Increasingly, I think that a good way to read the Republic is to see it as highlighting the failure of mathematics/calculation to control human eros (e.g. the failure of the marriage number/lottery), as eros is constitutive of what it is to be human. Here eros is understood in a broad sense as desire or longing for something. For example, the philosopher is a lover of wisdom. In that sense, s/he is erotic.
In book VII of the Republic, Socrates describes life immersed in the visible realm as a life of slavery. For example, the people who are in bonds in the cave are lovers of sights and sound. So we have a critique of lovers of sights and sounds, and the implication that freedom comes in the study of essences. Hence, only the philosopher is truly “free.” The philosopher, because he knows “true” reality, the essences, must then go back into the cave (the polis) and rule. However, there are a number of tensions with this account. Does knowing the essences of x make you better at doing x? Or is it that knowing the particular x makes you better at doing x? For example, someone could have an excellent grasp of the essence of music theory, yet be tone deaf and completely unable to make music. Glaucon, whose shortcomings we often highlight, actually seems to have an insight on this point. In other words, Glaucon’s attempts to bring Socrates down to the visible world seems reasonable because he sees correctly that Socrates is setting up an educational system that produces people who are not comfortable in the cave or the city; they don’t like it; they want to be contemplating the essences. Some scholars attempt to resolve this tension by appealing to the ancients’ communal sense over against a more modern, individualistic leaning, which makes what “I” want more important than the needs of the city. However, that doesn’t seem to solve the issue, because I’m suggesting that it would not be better for the city for the philosopher to rule, as knowing x does not necessarily make one better at doing x.

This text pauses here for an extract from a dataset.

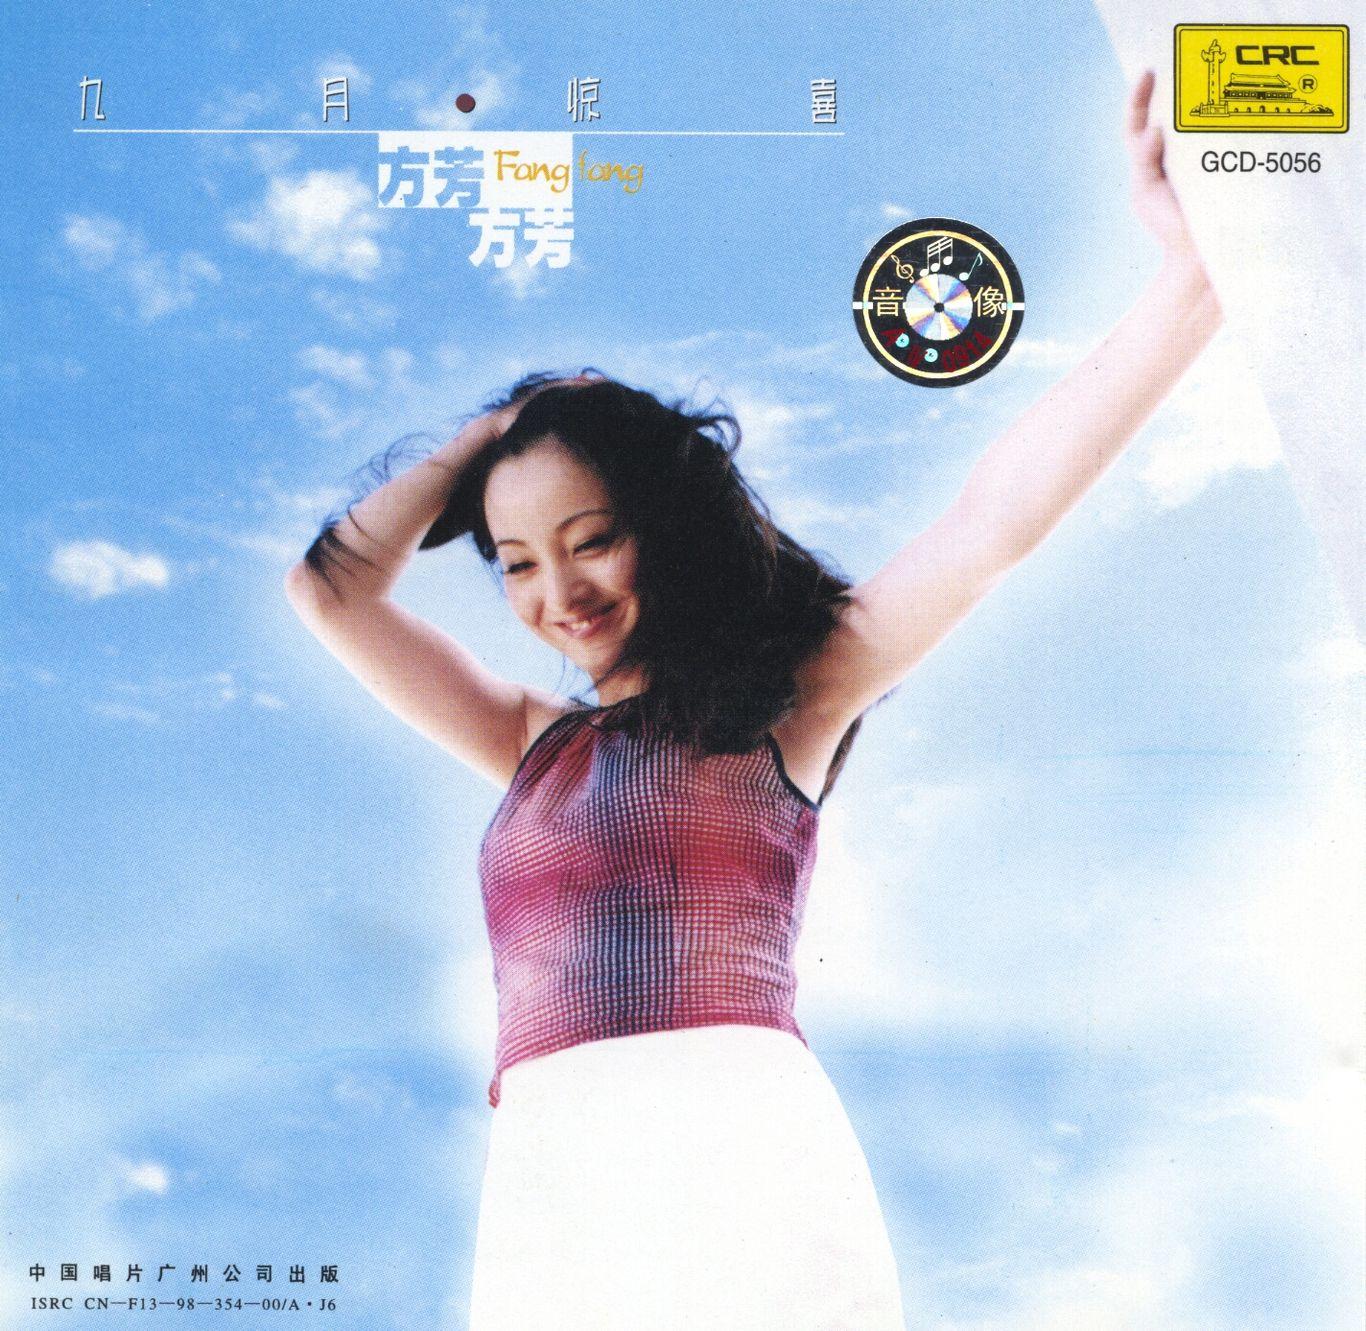 Feel Free To Love (Fang Xin Qu Ai) by Fang Fang | Sample on Tracklib

Plato’s Socrates is of course incredibly subtle and often leads us in one direction simply to show us that that particular path is a dead end. Perhaps that is what he is doing here. For example, Socrates is aware that the philosophers who have come out of the cave and glimpsed the light of the Sun (the Form of the Good) will not want to go back down (just as Socrates didn’t want to go down to the Piraeus at the beginning of book I). At 520d Socrates intimates that a democracy would not be the best regime because the leaders all want to rule and are power-grabbers. Later in the Republic in his discussion of the different regimes, he shows how each character type is conflicted and deficient in his erotic attachments (e.g., oligarch is a money-lover). Since the philosopher is also erotic-a lover of wisdom (Cephalus’ being the foil, as his lack of eros disqualifies him as a potential philosopher), to rule would cause him to live in a disordered state, as he would have to (at least part of the time) turn away from his love of contemplation. In other words, the philosopher would be conflicted. This confliction is not exactly parallel with the internal tension experienced by the oligarch or timocrat; yet, it is a genuine tension because he is pulled away from what he loves and does best and is forced to engage in something for which he has no erotic attraction.
Though Plato’s Socrates makes several critical statements concerning the democratic regime, it just might be the case that he is actually ambivalent to democracies. For example at 557, he states, “It [the democratic regime] is probably the fairest, the most beautiful of all regimes.” Then at 557d, he says, “It is probably necessary for the man who wishes to organize a city, as we were just doing, to go to a city under a democracy.” Here in effect Socrates is saying, if we want to do what we are doing right now (i.e. engaging in philosophy), then maybe we have live in a democratic regime. Consider the “clues” that we’ve been given that his might be the case. A basic feature of democracy is the protection of privacy. With regard to our present concern this means there is no compulsion or obligation to be political. This is the opposite of what we find in the parable of the cave, where the philosopher is forced to return to the cave; hence, he is forced to be political. We see this mimicked at the very beginning of the Republic when Socrates is “forced” metaphorically to stay in the Piraeus. Thus, in contrast to Socrates’ supposed perfectly just city, in a democracy, because privacy is assured, a person could pursue philosophy, as there is no compulsion to be political. If, as I believe it is, the city in thought is a failure, a purposed reductio ad absurdum, and eros is constitutive of humans and cannot be controlled by mathematics (which has a kind of necessity to it), then a democracy is in fact the best (although imperfect human-all-too-human) regime for the politician and the philosopher. Why? It allows the eros of the politician to be satisfied because s/he is doing what s/he is best suited to do. The same thing goes for the philosopher. Whether this works out for the artisans (and for their ultimate good) is another question, which will have to wait for another time.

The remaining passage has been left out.